#  > TECHNIEK & ZELFBOUW FORA >  > ZELFBOUW LUIDSPREKER FORUM >  >  Driehoek baspijp

## x-fade

wij zater eraan te denken om speaker kasten te maken met baspijpen in de vorm van een driehoek in de hoeken van de kast.
weet iemand of er een formule is om uit te rekenen hoelang de baspijpen moeten worden en welke diameter? of is er geen formule voor kan er namelijk niets over vinden.

gr. x-fade

----------


## Rademakers

Gewoon berekenen qua oppervlak en lengte als een vierkante basreflexpijp.
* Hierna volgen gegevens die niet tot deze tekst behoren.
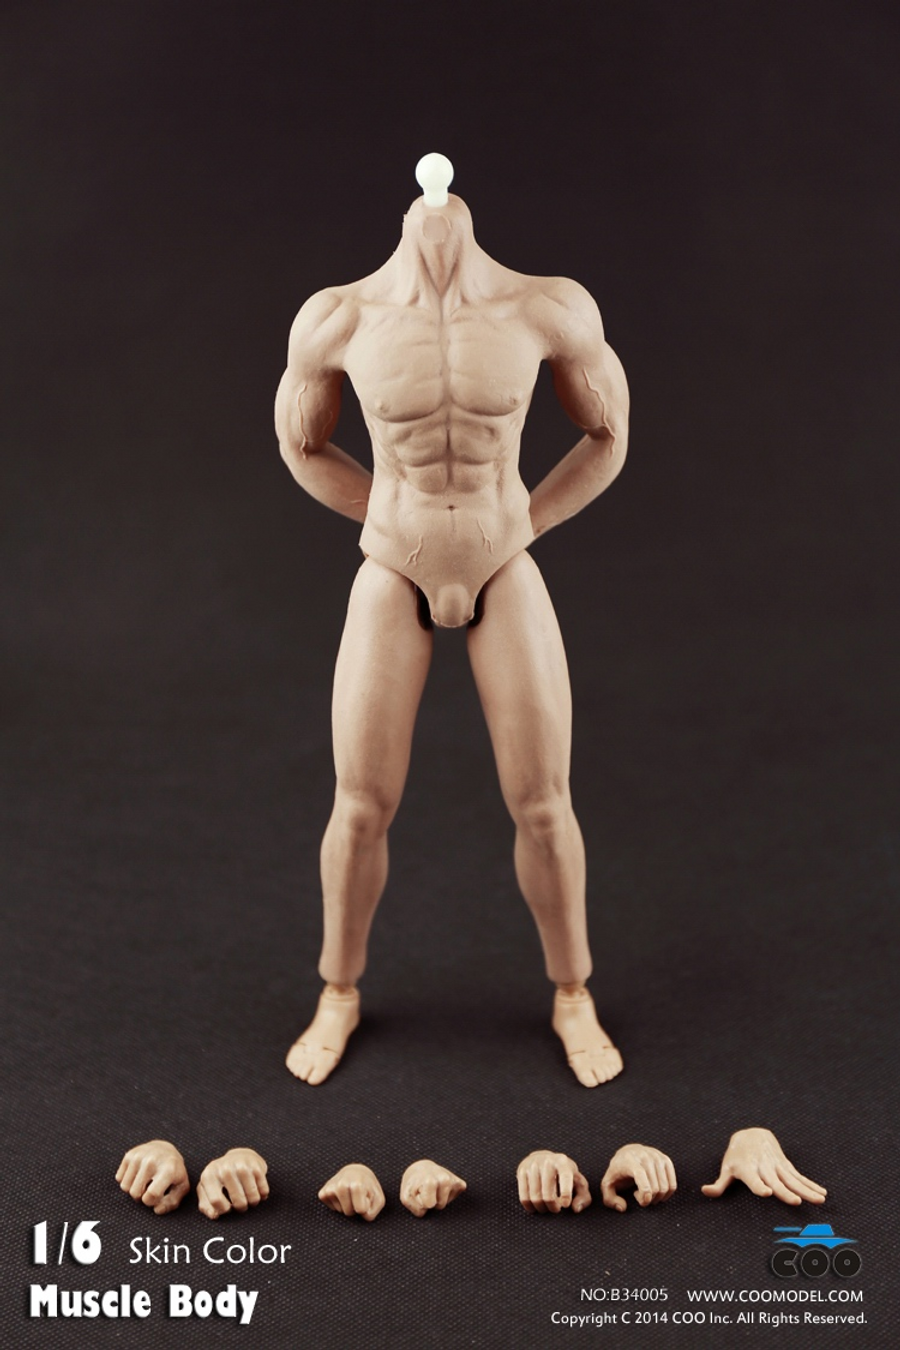 COO Model - Rubber Muscular Male Body CM-B34005

In feite is er wel een verschil maar niet ernstig.

Mvg Johan

----------


## x-fade

oke maar moet ik dan de berekeing maken op 4 vierkant baspijpen of 2?

----------


## marten77

Als je in alle vier de hoeken een poort wildt (totaal 4 driehoekige poorten), dan is het gelijk aan 2 baspoorten die vierkant zijn.

Succes,
Marten

----------


## x-fade

oke bedankt voor de info weer :Big Grin:  
denk dat ik er nu wel uit zal gaan komen.

gr. x-fade

----------


## RonV

vanwaar driehoekig als ik vragen mag? ruimtebesparing?. Heb je dit van een JBL EON afgekeken of zelf bedacht?

succes verder

----------


## x-fade

nee wij wilde een keer geen ronde poorten gebruiken maar ze proberen te verwerken in de kast zelf. vandaar de driehoek poort in de hoek. 
we wilde een keer iets anders.

gr. x-fade

----------


## All-round Sound

zo iets als dit



m.v.g.
Luke

----------


## x-fade

ja inderdaad ja
zoiets gaan wij ook maken.
zal kijken of ik er foto's van kan maken als hij klaar is dan zal ik die erop zetten.

gr. michael

----------


## All-round Sound

welke speaker ga je gebruiken 
ik heb een 15 En 18" uitvoering
en op tek. staan 
18" RCF L18p300
15"18Sound 15N930

m.v.g.
Luke

----------


## x-fade

een fane colossus 18xb
we gebruiken altijd fane namelijk :Big Grin:  

gr. x-fade

----------


## Hansound

RCF heeft ook zo'n dergelijke kast,   4pro8001

Zijn ook wel mooie bouwtekeningetjes van te vinden,  
OA  voor de L18P300 en L18P200
 :EEK!:

----------


## x-fade

zal dan wel eens naar die tekeningen kijken.
maar alle kasten die wij bouwen worden door mijzelf ontworpen.
dus ook deze kast is daarmij ontworpen maar zal wel naar de tekeningen kijken.
als de kast klaar is zal ik er wel foto's van maken en op het forum zetten.
als jullie willen kan ik er wel foto's opzetten van andere kasten die we gebouwd hebben.

gr. x-fade

----------


## Hansound

En wat is daar dan de gedachte achter, om alle kasten zelf te ontwerpen?
Er zijn toch een heleboel goed beproefde ontwerpen die je zo van internet af kan plukken ? :Confused:

----------


## x-fade

wij hebben een custombuild en een verhuur bedrijf. wij kunnen speakers op maat maken voor elke disco, cafe etc. dan komt het genoeg voor dat je zelf speakers moet ontwerpen om het geluid goed te krijgen.
we hebben daarom besloten om ook zelf speakers voor het verhuur bedrijf te maken. dat is de rede.

gr. x-fade

----------


## Mathijs

> wij kunnen speakers op maat maken voor elke disco



Ik wil niet lullig zijn maarrr...

Je zegt dat je speakers bouwt en hier een bedrijf in hebtn om het geluid goed te krijgen.
Maar je weet niet hoe je een driehoek basreflex pijp moet bereken (iets wat je op de middelbare school leerd)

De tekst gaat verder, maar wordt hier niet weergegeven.